I put a strip of the bar tape a little shorter than I want the grip to be on top of my handlebar and then wrap the bar tape fairly tight...

Just my .5 € - YMMV...


----------



## Sandal (Feb 26, 2004)

Knut said:


> the bar tape is by far the most comfortable.


i think it's a very interesting idea! however, i personally couldn't make my road bar tape sit firm enough for the small MTB bar grip erea with the hursh MTB ride twist loads. may be you could provide some tips on the knot scheme you use? or some pics? i'd greatly appreciate that. thanx


----------



## carlos (Jan 12, 2004)

i have been using road bar tape for at least two years, light, super comfy and cheap.


----------



## split (Jan 12, 2004)

crash_man said:


> How many ppl ride with foam? how many ppl ride with rubber? how good is foam grip than rubber? thanks people


Road grip cork tape is the only way to go IMO! Lots thicker than foam (more comfortable for me) and just as light. Mine have never twisted or moved at all. Cinelli cork tape has an adhesive backing on it to keep it in place. I start by laying the small strip of tape that comes with the roll and lay it flat across the top of the bar where my palms meet the bar to give it a little extra cushion. then starting from the outside, I wrap going inward. Then I take a dab of superglue and glue the loose end down to the grip. Perfecto! I've tried rubber (too heavy) and Titec Pork Rinds (too thin, uncomfortable, and tears easily) and I've found road tape is the best so far.


----------



## carbnjunkie (Aug 21, 2003)

*well,*

i just changed from rubber to Foam, and it feels great! the reverse hour glass shape really helps with hand fatigue, and you dont have to use the "death grip" when riding with them.

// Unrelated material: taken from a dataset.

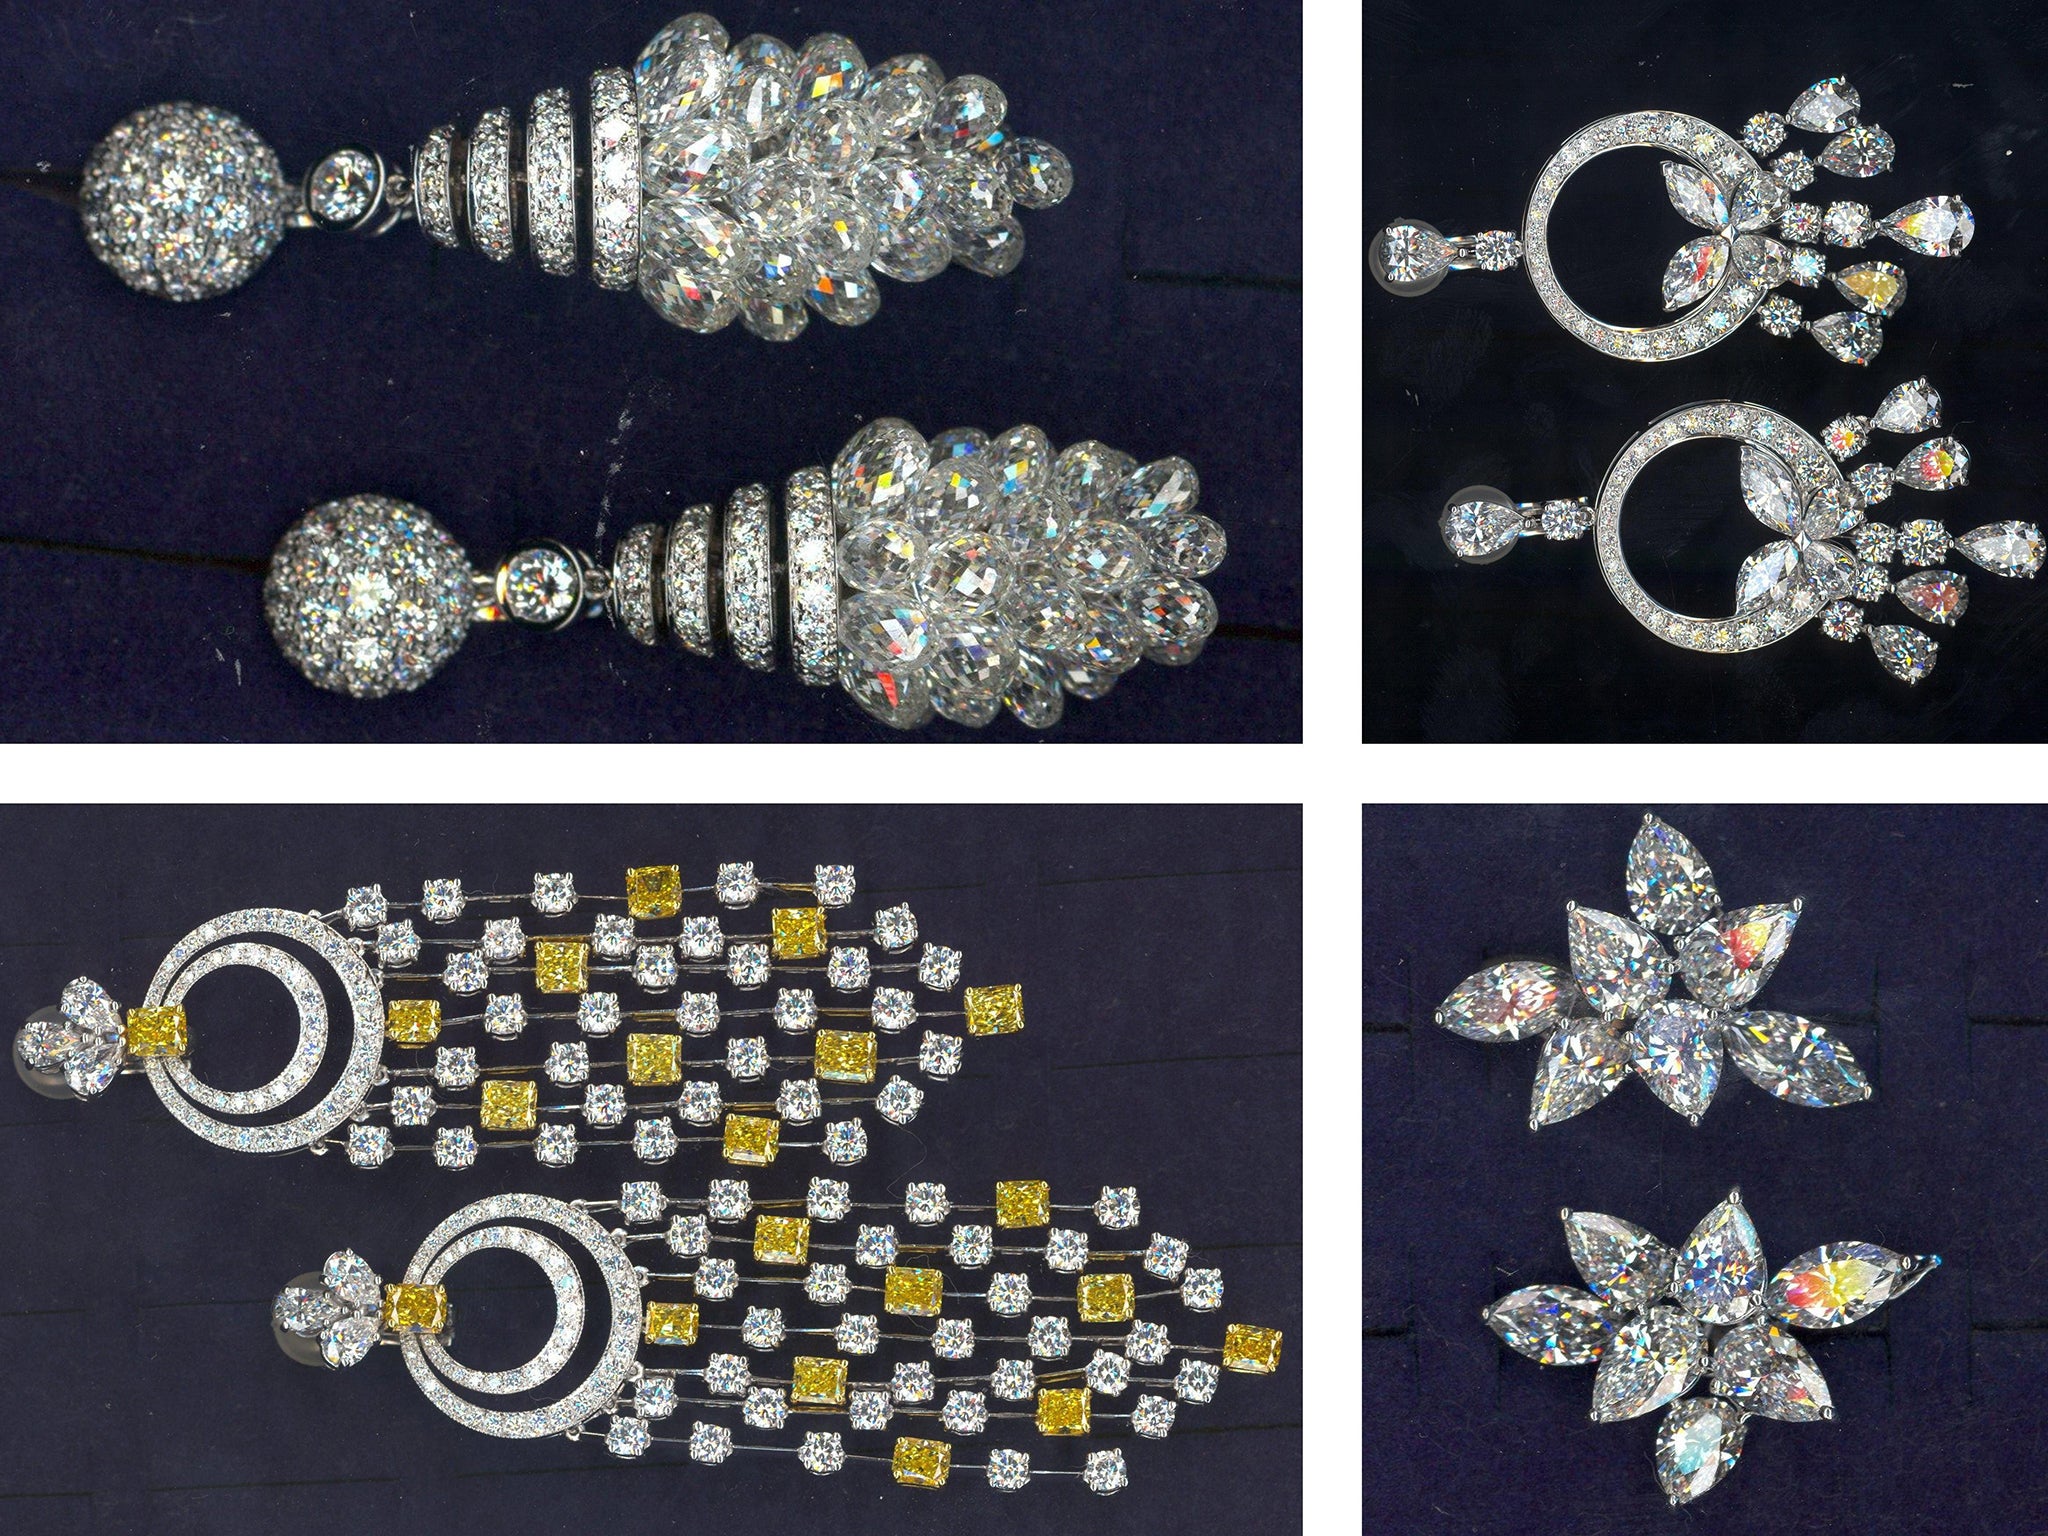 Some of the items of jewellery stolen from Graff Diamonds

they are still lighter than rubber, but i think the feel goes way beyond that, and they are only 4 bucks off ebay including shipping! the guys name on ebay is quicksteps123 (100 percent rating, 1278 sold)


----------



## DaFireMedic (Jan 13, 2004)

crash_man said:


> How many ppl ride with foam? how many ppl ride with rubber? how good is foam grip than rubber? thanks people


I use foam, I like the feel better than the rubber now. Never tried the bar tape. I like the foam roadie tubes cut to length as I like a lower profile grip.


----------



## Trevor! (Dec 23, 2003)

I only ride with foam grips - They are the best!!!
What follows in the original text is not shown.